Annotating Genomic Ranges
1 Background
Bioconductor can import diverse sequence-related file types, including fasta, fastq, BAM, VCF, gff, bed, and wig files, among others. Packages support common and advanced sequence manipulation operations such as trimming, transformation, and alignment. Domain-specific analyses include quality assessment, ChIP-seq, differential expression, RNA-seq, and other approaches. Bioconductor includes an interface to the Sequence Read Archive (via the SRAdb package).
This workflow walks through the annotation of a generic set of ranges with Bioconductor packages. The ranges can be any user-defined region of interest or can be from a public file.
2 Data Preparation
2.1 Human hg19
As a first step, data are put into a GRanges object so we can take advantage of overlap operations and store identifiers as metadata columns.
The first set of ranges are variants from a dbSNP Variant Call Format (VCF) file.

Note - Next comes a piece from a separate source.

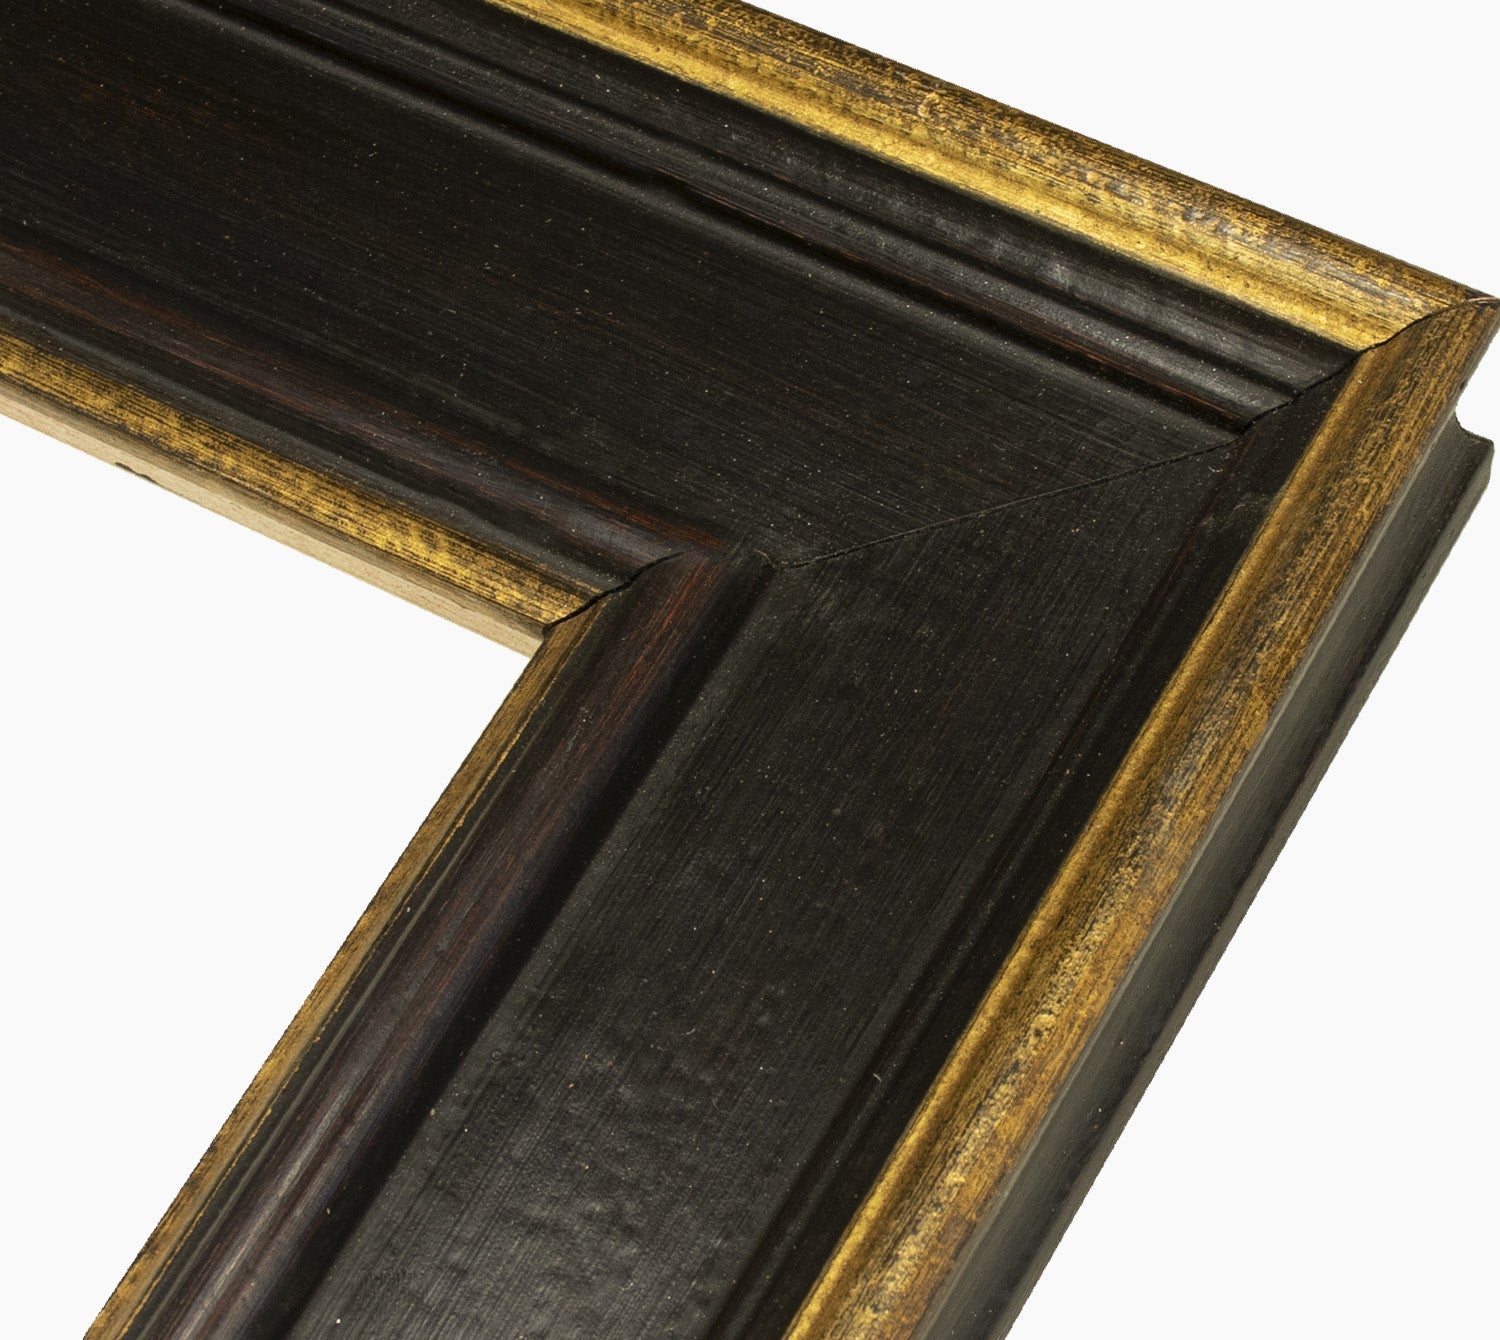 740.601 cadre en bois noir avec des fils d'or mesure de profil

This file can be downloaded from the ftp site at NCBI ftp://ftp.ncbi.nlm.nih.gov/snp/ and imported with readVcf() from the VariantAnnotation package. Alternatively, the file is available as a pre-parsed VCF object in the AnnotationHub.
library(VariantAnnotation)
library(AnnotationHub)
The Hub returns a VcfFile object with a reference to the file on disk.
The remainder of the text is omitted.